How You Can Help Mlitary Women and Wives by Producing Video Podcasts of Life Story Highlights They Suggest

Anne Hart
You can produce personal history/life story highlights video to salute our troops. These video podcasts might be to help, inspire, and motivate. Salute Our Troops with how-to information on making personal history videos by interviewing the troops, their families, friends, and other veterans with your camcorder.

You can post the videos on Internet Archive or Google Video for the longer videos of one to two hours, or on uTube for the shorter videos under 15 minutes--with their permission, of course. Videos of life story excerpts can be made by the families of the troops to send to them or by the troops on their own life experiences to send to family and friends back home.

Topics might include rites of passage, experiences, life story highlights, turning points, and events. The videos are a hearty "thanks" to our nation's Wounded Warriors from Sacramento. Personal history videos and interviews of life story excerpts are memoirs of our warrior's acceptance back into the Sacramento community through re-integration, job placement and at-home care.

Remember military women and military wives, daughters, and families of our troops serving with the troops or raising families and waiting back home. You can record video, personal stories, and put photos in keepsake albums, especially digital albums to remember the troops.

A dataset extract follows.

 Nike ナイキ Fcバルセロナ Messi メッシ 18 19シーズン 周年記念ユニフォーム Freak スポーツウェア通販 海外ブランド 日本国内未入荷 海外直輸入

Here's what you can do to interview others serving with you or with you in military service and beyond to have as a time capsule for friends and family members.

Take the time to tell your experience or a significant event and turning point in your own life story. Every soldier's life story is worth a video, personal history interview, or if you're inclined to write, a biography, skit, or a novel.

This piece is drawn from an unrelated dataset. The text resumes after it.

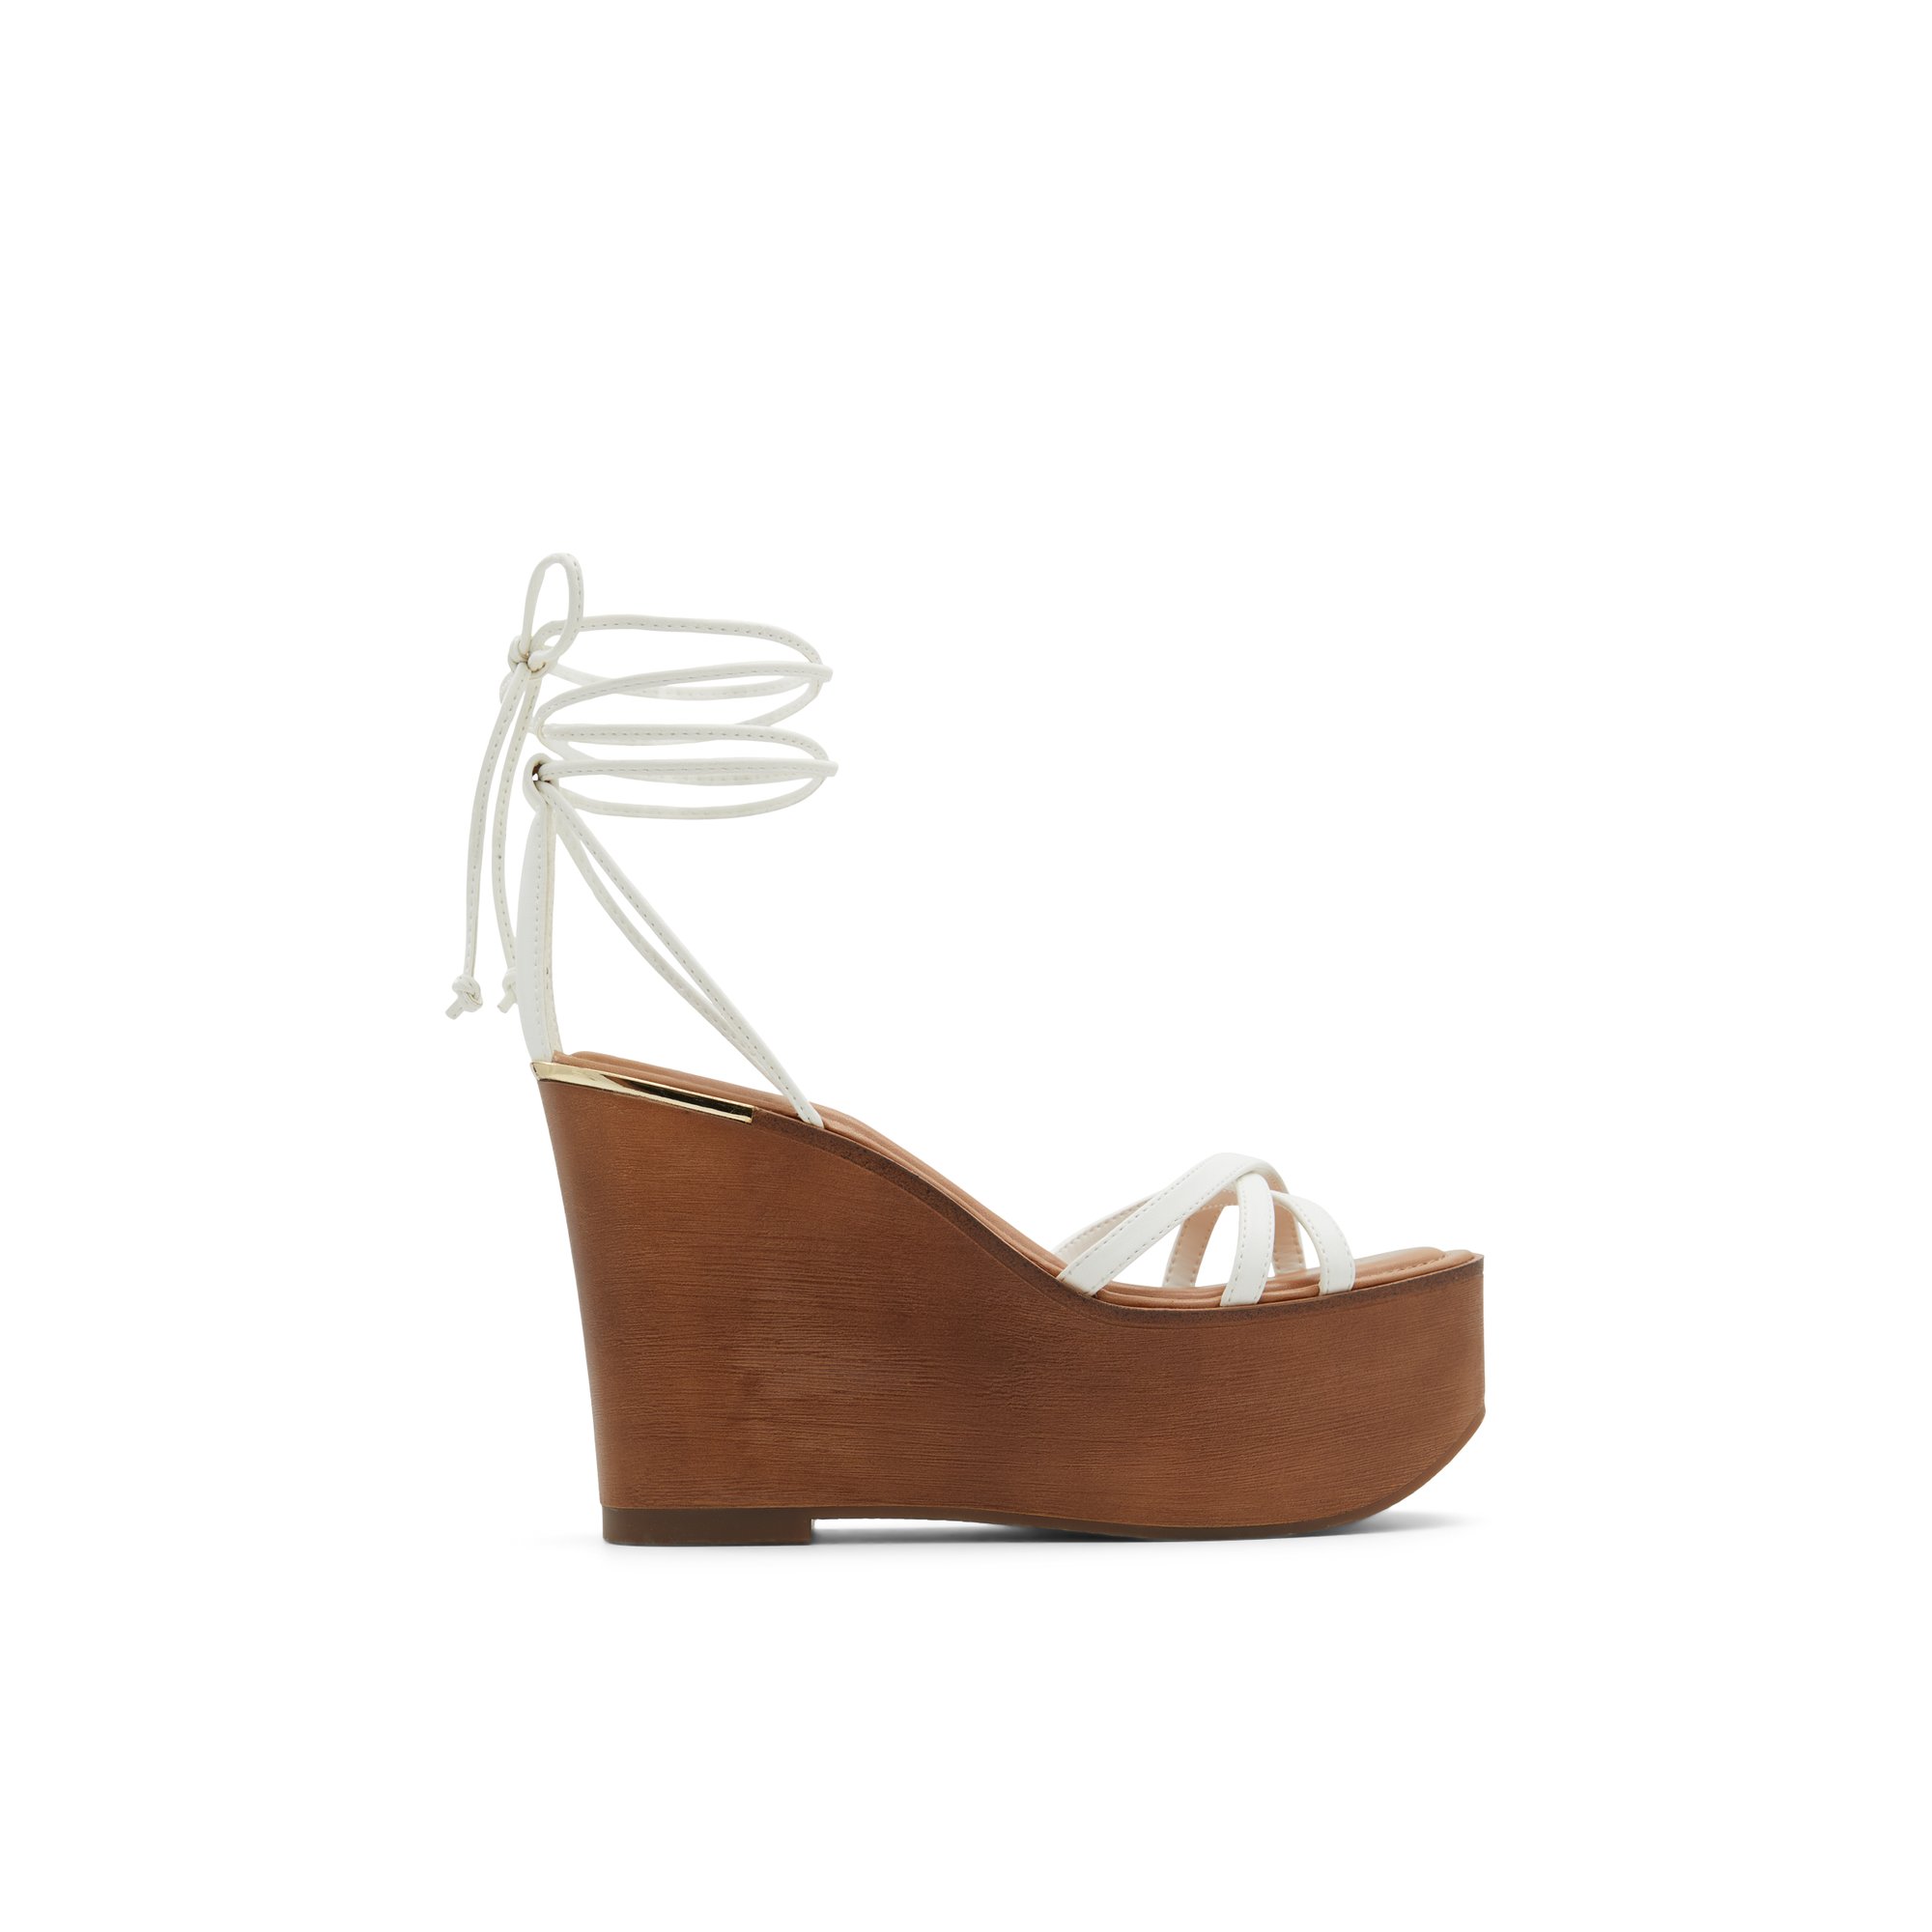 ALDO Lamarina - Women's Sandals Wedges - White

This is your life. Record your personal history and save it to show to your grandchildren in the future. What's your life like as a soldier? Record it in pictures so the world can share your experiences of living, relationships, holiday celebrations, thoughts, feelings, or plans.

Do you know a female veteran in Sacramento who has had suicidal thoughts? Is suicide among women in Sacramento who are recent veterans on the rise? See the article, Struggling to serve women vets - Sacramento Living - Sacramento. Nationally, about 150,000 veterans have committed suicide since the end of the Vietnam War. Also see the article, Suicide among military service members is on the rise - Sacramento.

You're looking at three veteran generations: Vietnam veterans born in the 1940s, veterans born in the 1960s or early 1970s in the first Gulf War of the early 1990s, and veterans born in the mid- to late1980s, in Iraq, Afghanistan, and similar areas.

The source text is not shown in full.